Interest Rate Futures – Overview

Basics of Interest Rate Futures and Its Story in India

Interest Rate Future (IRF) has been in news recently because of some structural changes happening in the product from the regulators. SEBI has taken a lot of effort to make sure the product picks-off well compared to its earlier version. So, today we will dwell on some basics of IRF and try to understand how the recent changes will help in creating more liquidity for the product in India.

What are Interest Rate Futures?

Just like any other Future instrument, an interest rate future is a financial derivative product. The way equity future price is based on stock price of that equity, an IRF price is also based on some underlying. But the interesting part here is the underlying.  In IRF the underlying is an interest-bearing asset. Now that may sound alien in India. Never heard about any such assets? Actually, we all deal with them in some way or the other regularly. As an individual, when you take any sort of loan (be it housing loan or educational loan or investing your money in some Government or company fixed deposit), you are part of such interest bearing instruments. As a corporate whenever you raise money from the market by issuing bonds you are linked to these interest bearing instruments. Even institutions like Banks, Insurances etc have their portfolio invested in a money market which are impacted by these interest rate changes.

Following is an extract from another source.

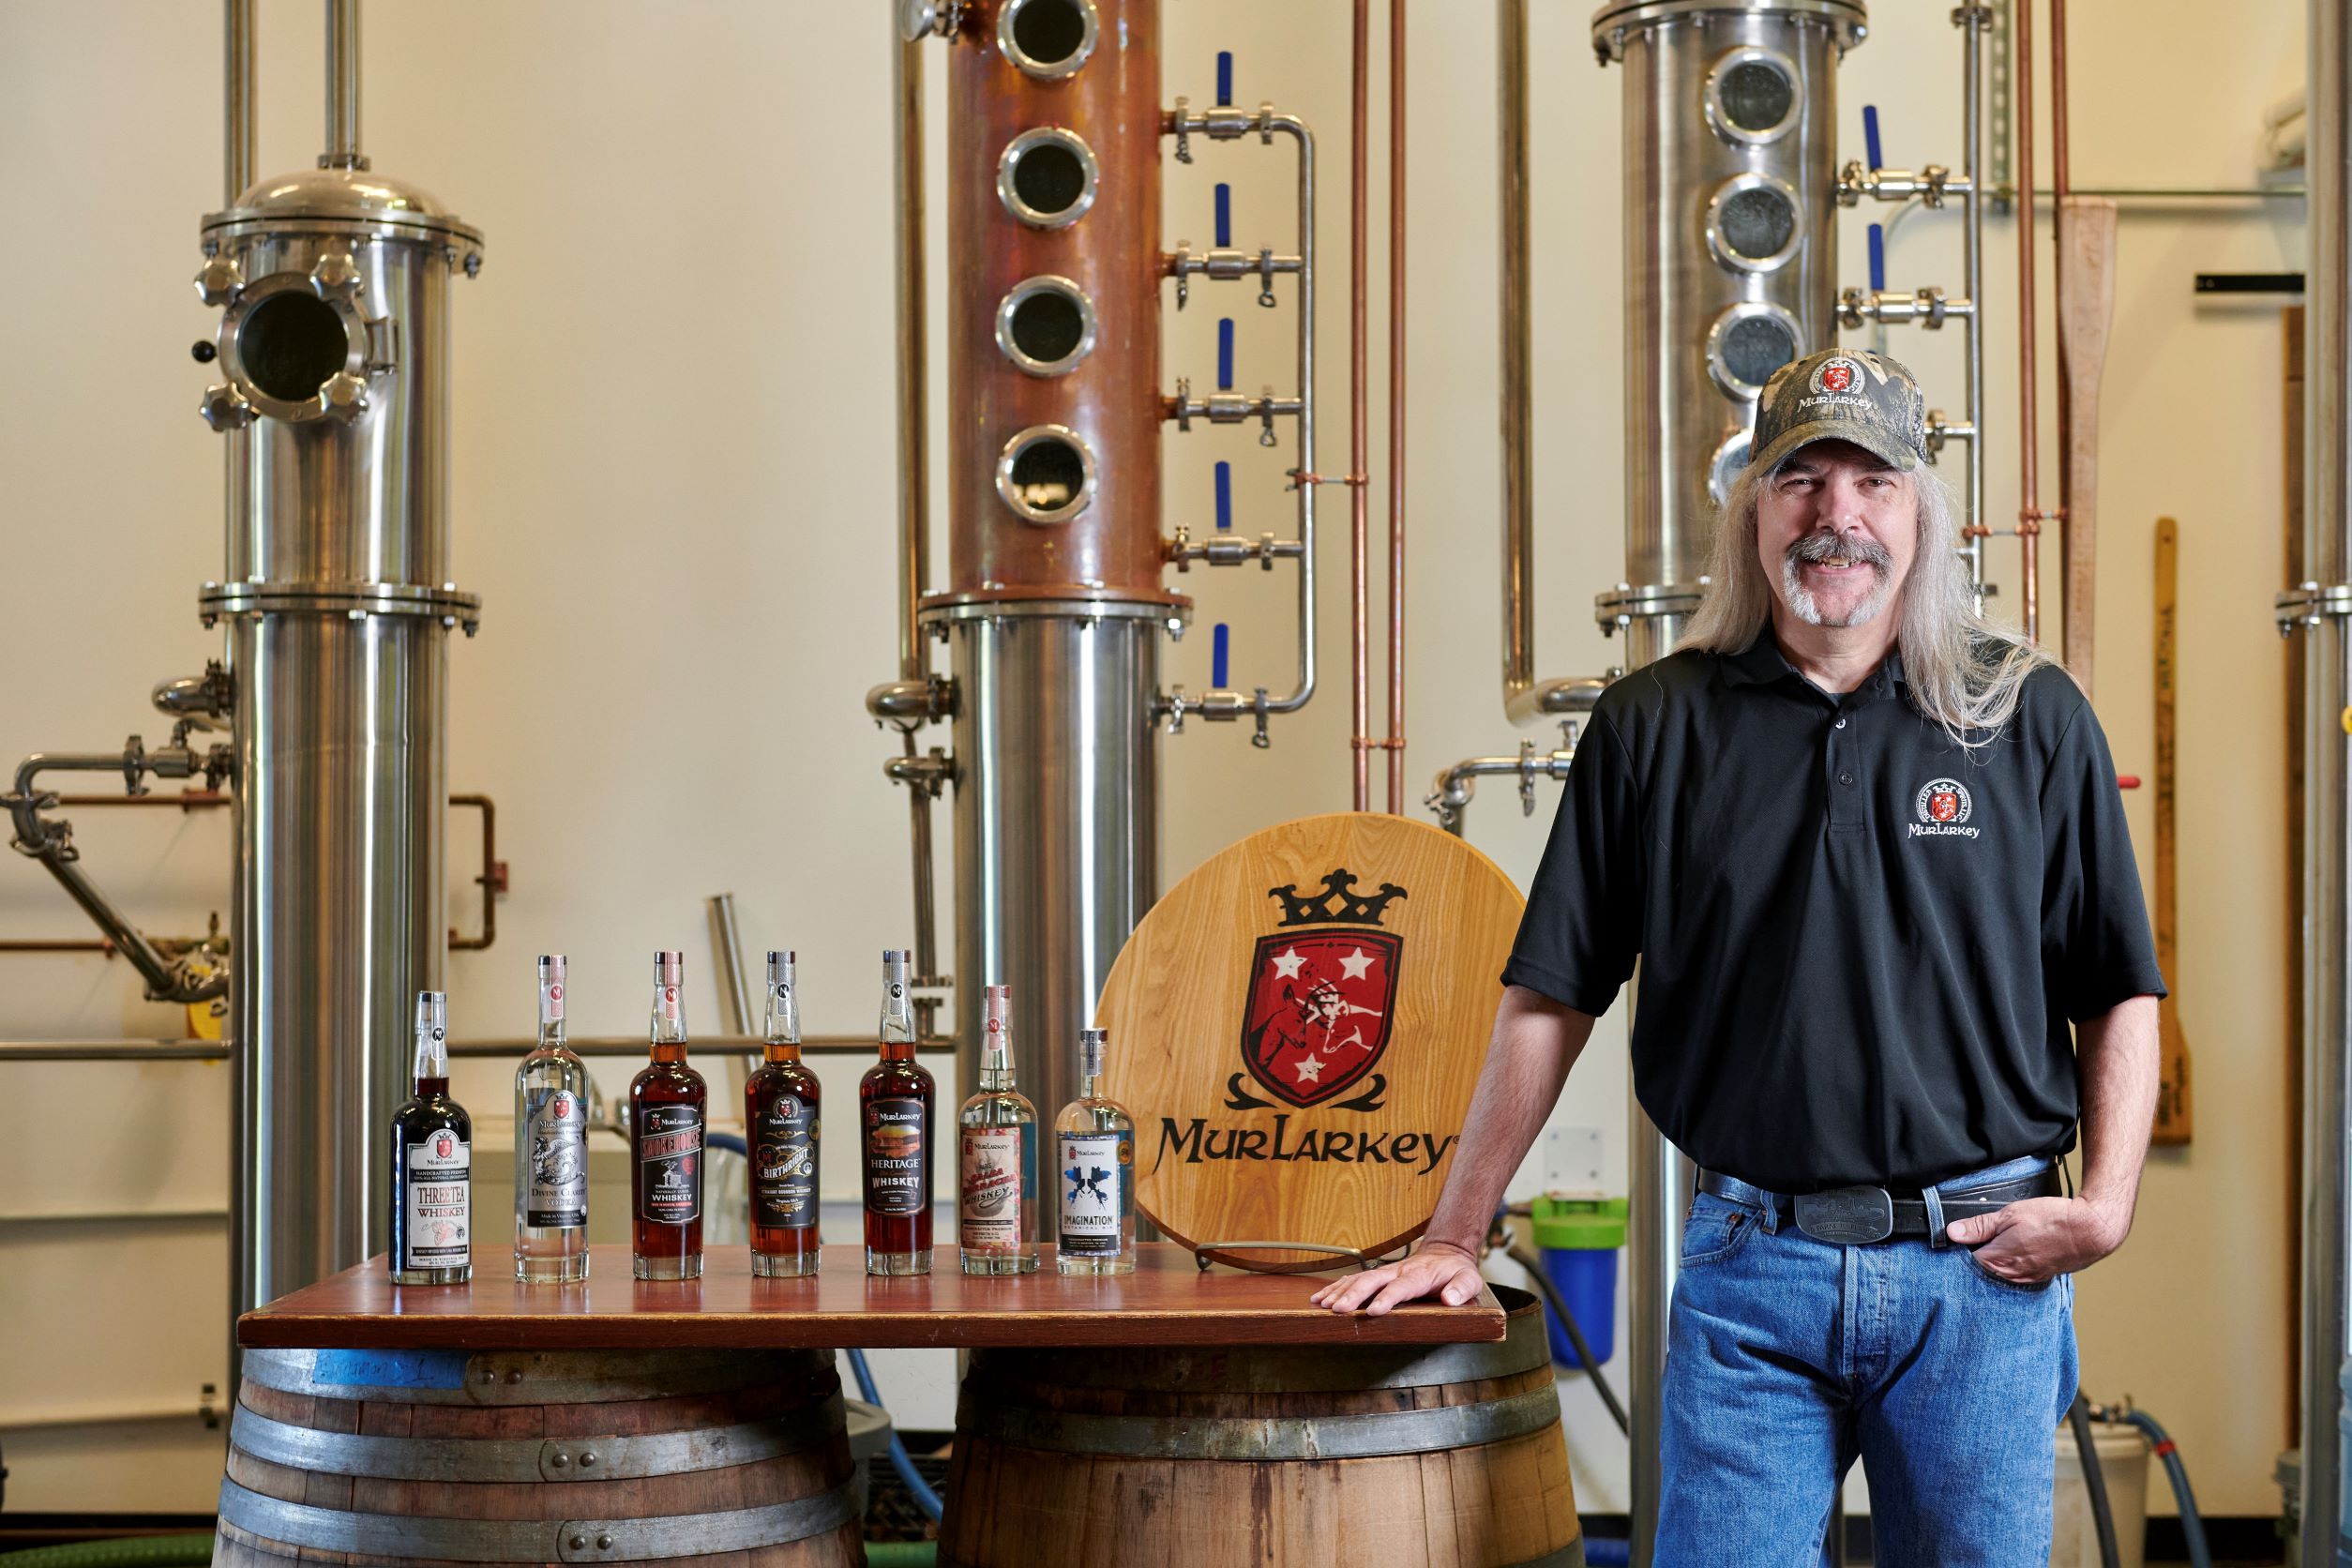 Kevin Szady, MurLarkey Distilled Spirits, Prince William County

Why do we need Interest Rate Futures?

A very important question that pops up in our heads is why we do need a product like IRF. My one line answer would be to secure your future risk arising due to volatility in the Interest rate. In simple language, any changes happening in interest rate is going to affect all the above mentioned participants in one way or another.

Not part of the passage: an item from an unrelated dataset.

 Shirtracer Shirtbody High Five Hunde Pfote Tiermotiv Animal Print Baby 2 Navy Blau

You must be wondering how changes in interest rate can affect you. Let’s take a simple example; suppose you need to buy a home and you take a loan from the bank. The bank charges you a floating rate of interest say 10%. After a year of taking the loan, the interest rate increases to 11% due to economic activity. This increase in interest rate increases your EMI payment to the bank and thus reduces your savings. If not planned properly the costs can continue to rise.

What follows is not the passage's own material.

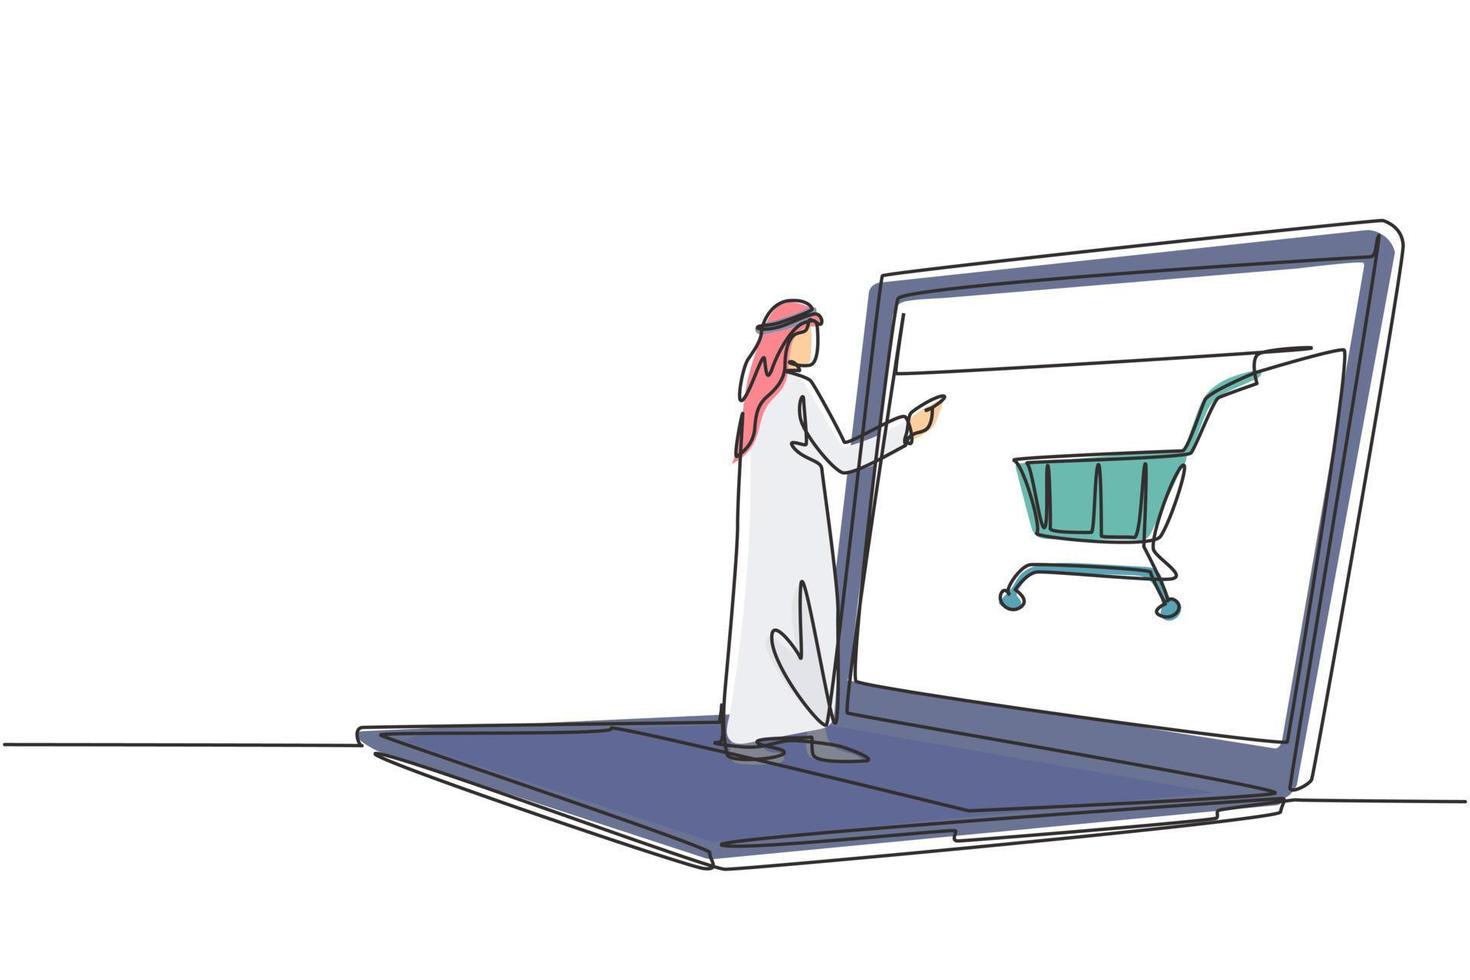 enda en rad ritning av ung arabisk man shopping genom laptop skärm med kundvagn. e-handel, digital livsstilskoncept. modern kontinuerlig linje rita design grafisk vektorillustration vektor

In another example suppose you are a director of a public company that issues bonds in the market for financing projects and your company issues the bond at 11% (this is the cost of capital of your funds). Now if the market interest rates drop to 10%, you still need to pay the lenders rate finalized at 11%. This in itself is a losing proposition and ends up costing your company money.

In both examples, IRFs can be used to secure against the movement of interest rates. Just like other future instruments it can be used for hedging, arbitrage and speculation.

Relation between Interest Rates and IRF

There exist an inverse relation between Interest Rate and Interest Rate Futures. That is, when interest rates rise, the prices of Interest Rate Futures will fall (as the value of the underlying IRF will decrease) and when the interest rates are set to fall the IRF increases. Remember this relation when trading IRFs. If your view about interest rates are that they may rise in the future, you should short interest rate futures, and if you believe interest rates are going to go down you should go long on interest rate futures.
h2Uses of Interest Rate Futures

Interest rate futures are used to hedge against the risk of that interest rates will move in an adverse direction, which may cause a loss.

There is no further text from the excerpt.